Monday, February 02, 2009


THE TIMES OF HARVEY MILK is Rob Epstein's 1985 Oscar winning documentary about Harvey Milk - the first openly gay man elected to US high office, only to be assassinated by a jealous colleague a year later. It has been re-released to coincide with the success of Gus Van Sant's biopic, MILK.

The story is the same, but Epstein uses a wider time line. Epstein efficiently covers Milk's childhood and early adulthood - a succession of jobs that didn't quite fit. By contrast, Gus van Sant hits the ground running with Milk turning forty, coming out, and moving to the Castro with his lover to start a new life, almost falling into neighbourhood activism by mistake. Both the documentary and the film are very good at showing Milk's natural flair for politics - for cutting deals, for grassroots campaigning, and for the well-crafted photo op. MILK colours in the emotional background - the relationships. The documentary gives us more political intrigue and features some wonderfully candid interviews with people who worked with Harvey. He was fortunate to have such eloquent friends.

In both films, Milk's colleague Dan White is a rather shadowy figure. I think MILK gives us more of an insight into why White might have been at an emotional place where he could kill Harvey. By contrast, the documentary gives us the facts. And whereas MILK ends with Harvey's death, the documentary takes us through White's trial and the mockery of justice that was the Twinkie Defence.
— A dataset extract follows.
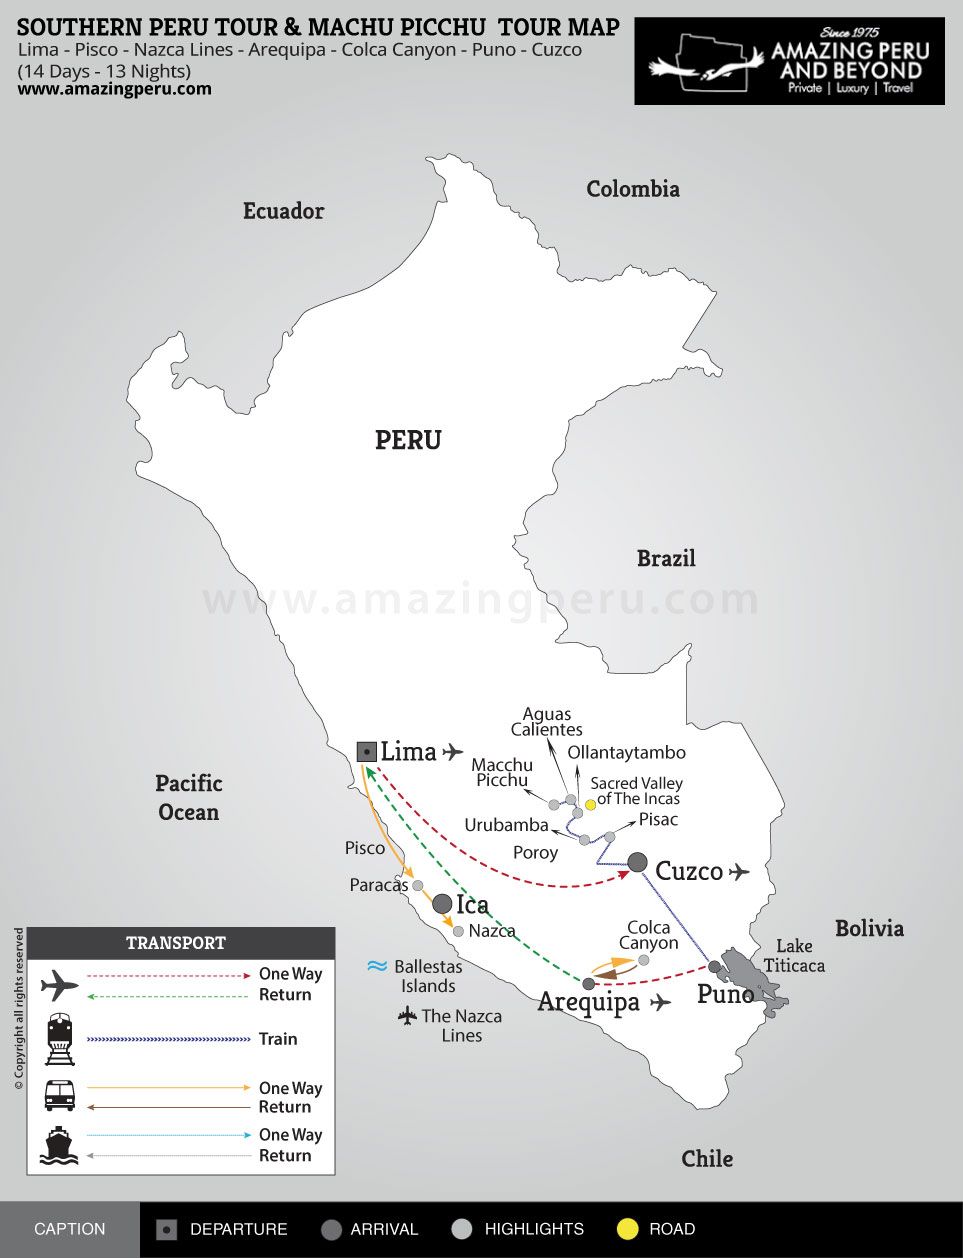 Southern Peru tour & Machu Picchu Tour - 16 days / 15 nights.

Both film and documentary are moving, but the film is fundamentally uplifting while the documentary is more elegaic, focusing as it does on Milk's death and legacy. Here's interview Sally Gearheart on the candle-lit march that followed Harvey's assassination: "It was one of the most eloquent expressions of a community's response to violence that I've ever seen, and I think that we as Lesbians and Gay men, and all the straight people who where marching with us that night - and there were thousands - I think we said it. I think we sent a message to the nation that night about what our immediate response was - not violence, but a certain respect for Harvey and a deep... a deep... regret and feeling of tragedy about it, because Moscone had been our friend as well."

I suppose my one criticism of both the movie and the documentary is that Milk's opposition, the Christian right, come of as bigoted, unintelligent, inarticulate bogeymen. Not that I have any sympathy with their position, but a lot of people did, and it would have done Milk a better service to make his opponents flesh and blood so as to better understand his victory.

THE TIMES OF HARVEY MILK was released in 1984 and played Berlin 1985. It won Best Documentary at the Oscars in 1985. It is currently on re-release at the ICA and will play Berlin 2009.